Equidistribution of saddle connections on translation surfaces
IF 0.7
1区 数学
Q2 MATHEMATICS
引用次数: 13
Abstract
Fix a translation surface $X$, and consider the measures on $X$ coming from averaging the uniform measures on all the saddle connections of length at most $R$. Then as $R\to\infty$, the weak limit of these measures exists and is equal to the Lebesgue measure on $X$. We also show that any weak limit of a subsequence of the counting measures on $S^1$ given by the angles of all saddle connections of length at most $R_n$, as $R_n\to\infty$, is in the Lebesgue measure class.
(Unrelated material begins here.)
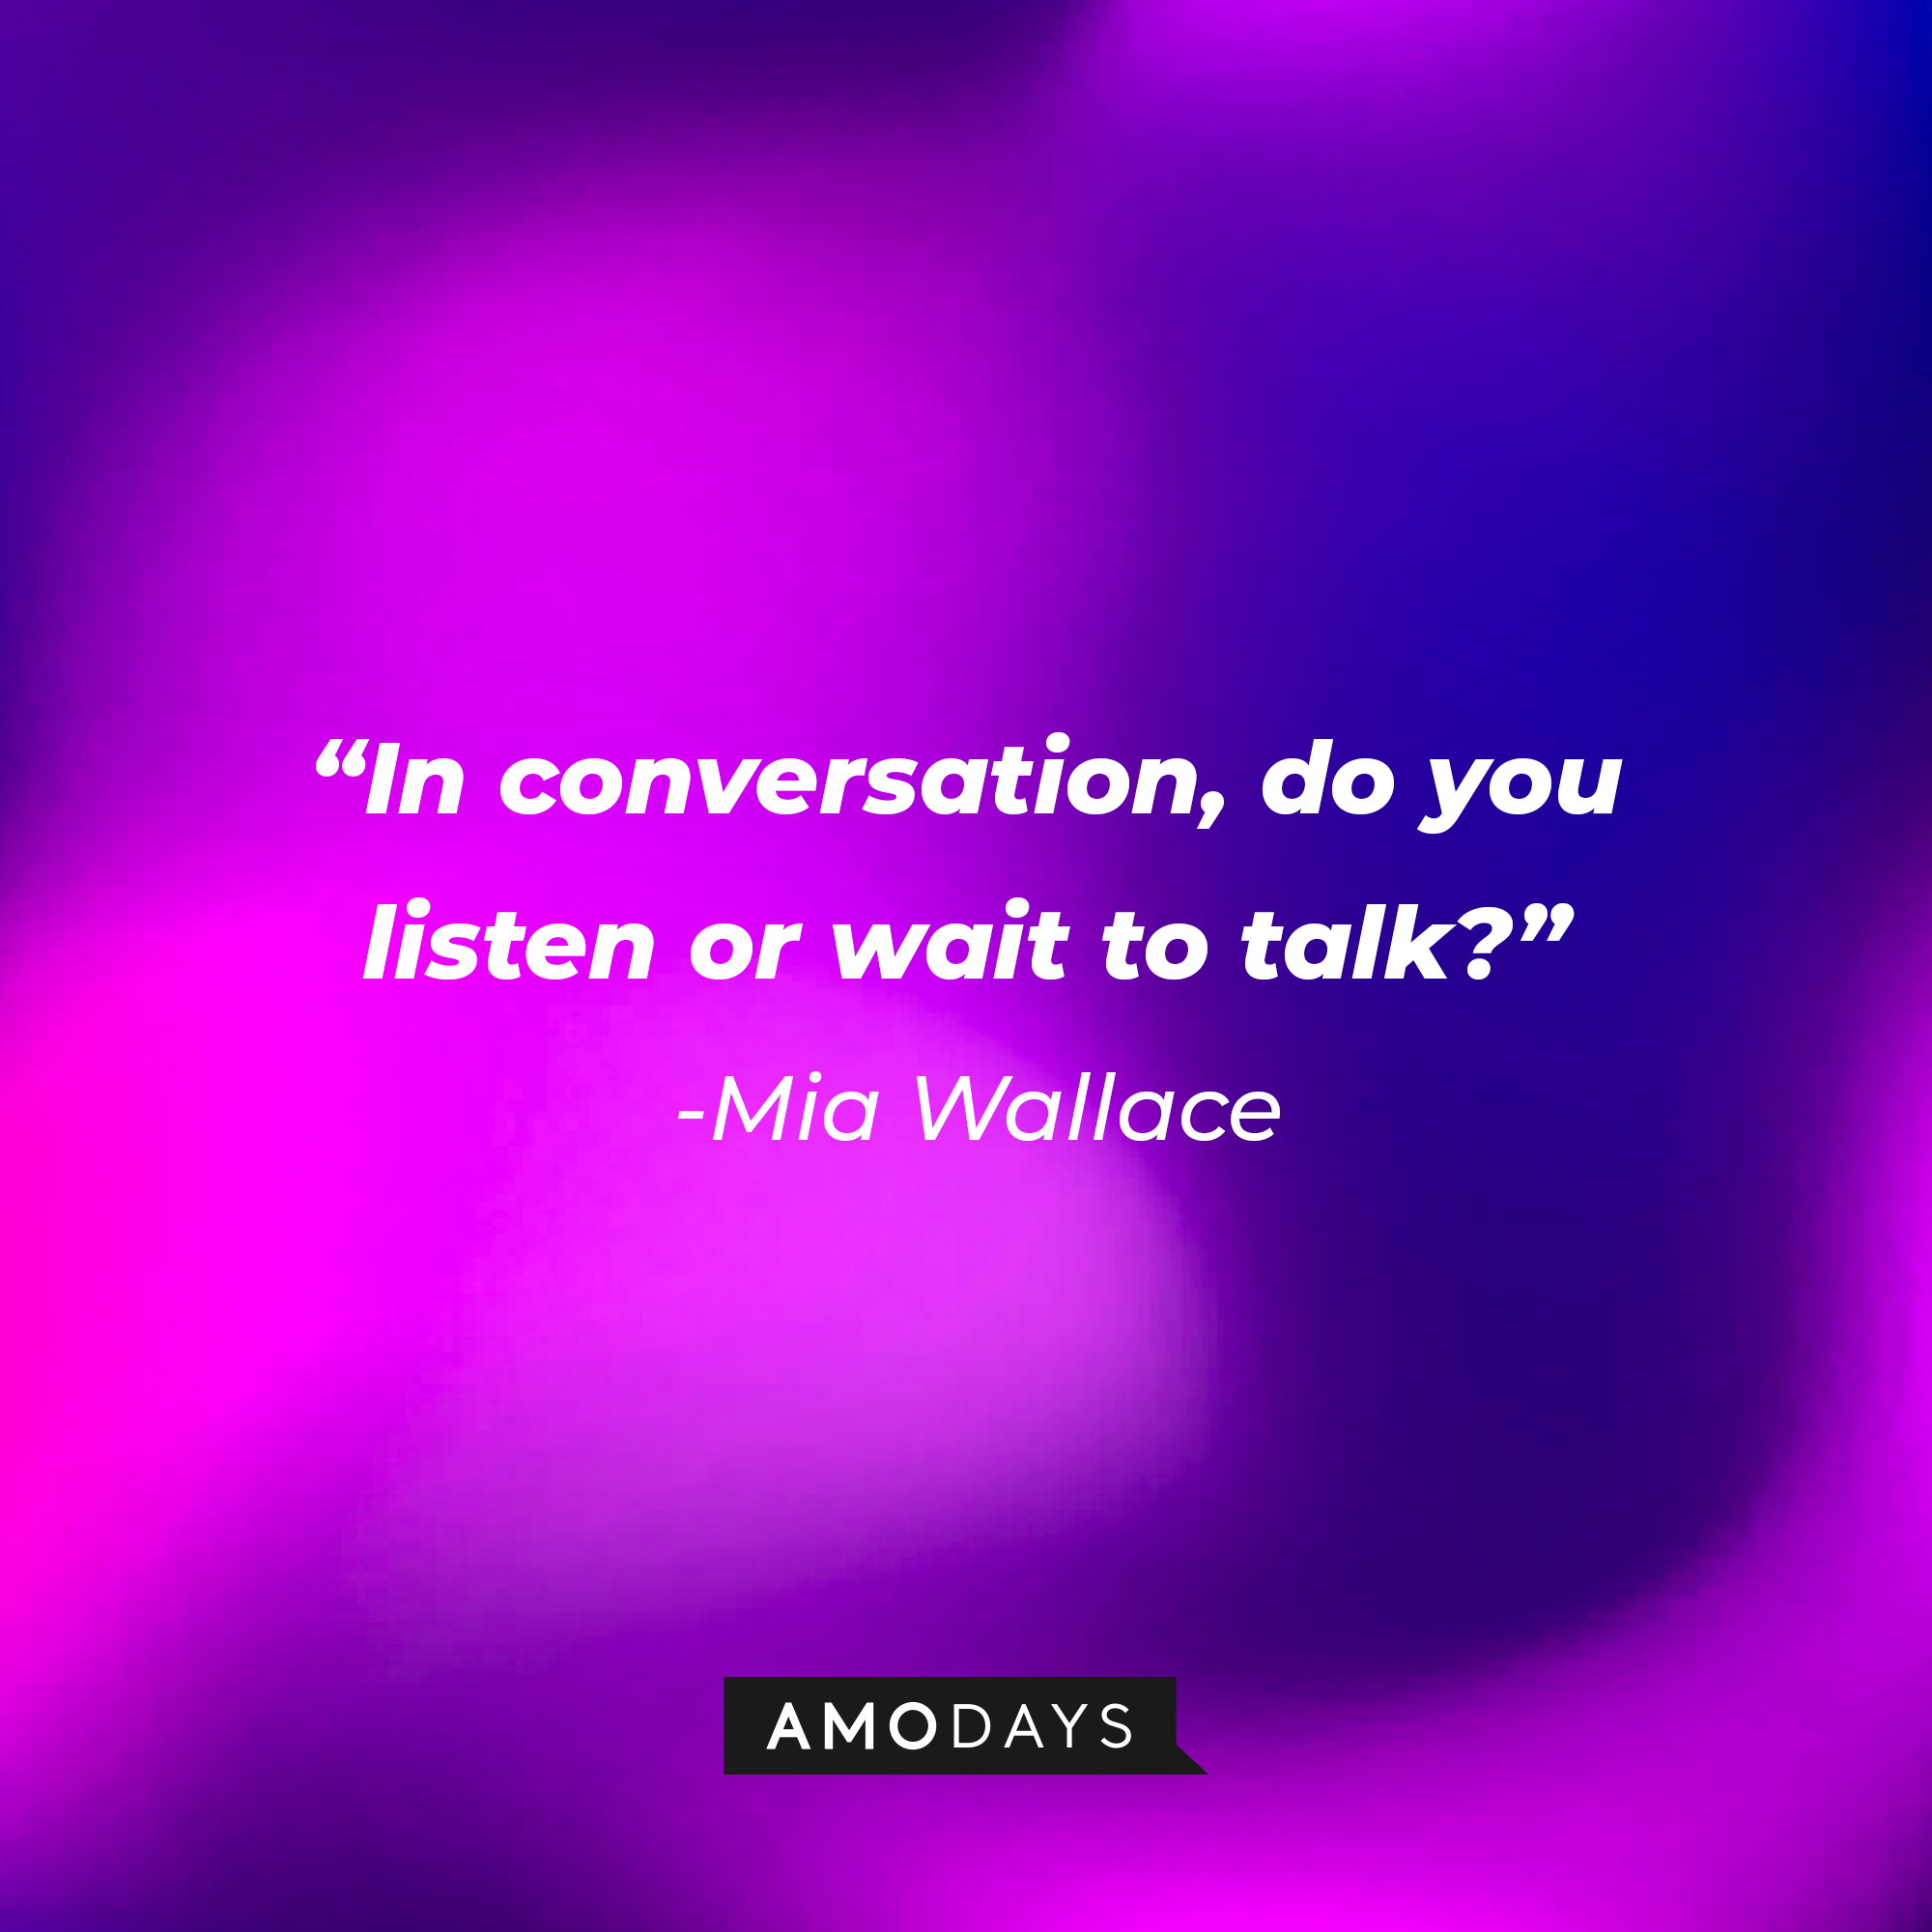 Mia Wallace’s quote: “In conversation, do you listen or wait to talk?” | Source: AmoDays
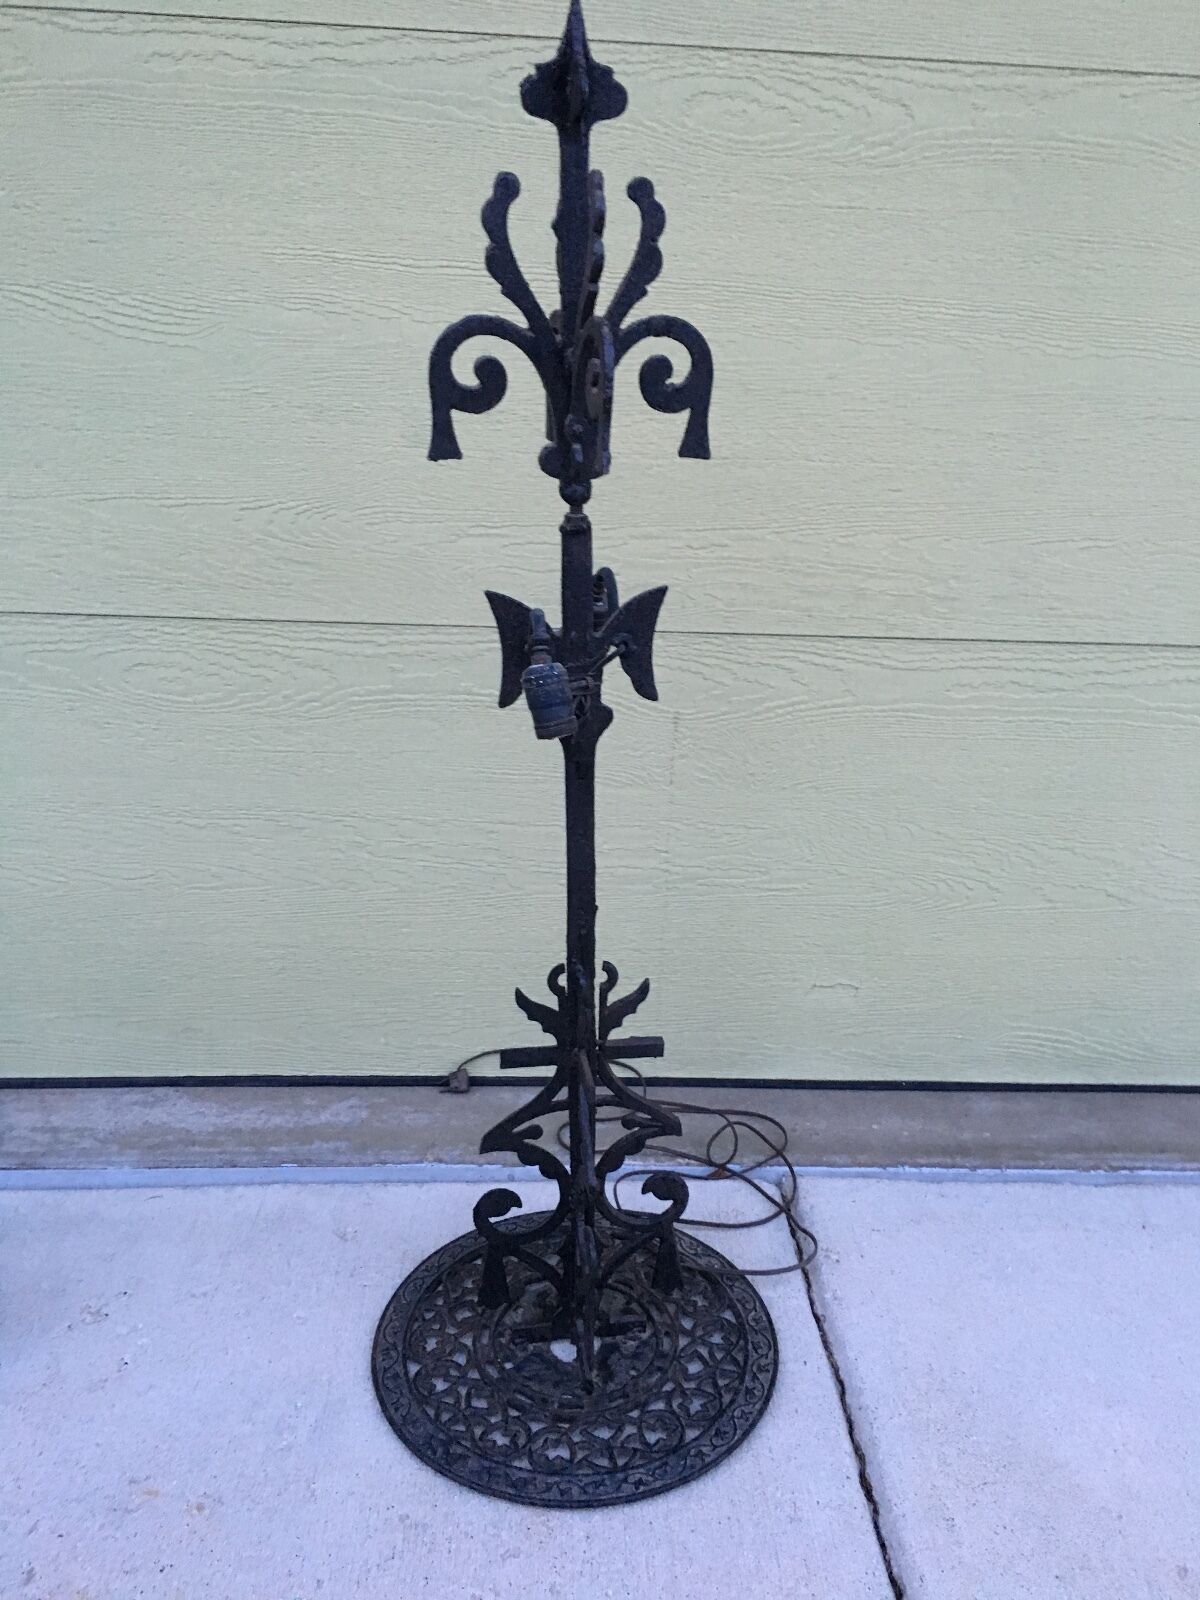 Antique Tall Hand Made Wrought Iron Ornate Victorian Floor Grate Lamp

The proof of the first result uses the second result, together with the result of Kerckhoff-Masur-Smillie that the directional flow on a surface is uniquely ergodic in almost every direction.平动面上鞍座连接的均匀分布
固定一个平移面$X$,考虑$X$上的测度来自于对长度最多为$R$的所有鞍座连接的均匀测度的平均。那么作为$R\to\infty$,这些措施的弱极限存在,并且等于$X$上的勒贝格措施。我们还证明了由长度不超过$R_n$的所有鞍连接的夹角给出的$S^1$上计数测度的子序列的任何弱极限,如$R_n\to\infty$,都在Lebesgue测度类中。第一个结果的证明使用了第二个结果,以及Kerckhoff-Masur-Smillie的结果,即表面上的定向流几乎在每个方向上都是唯一遍历的。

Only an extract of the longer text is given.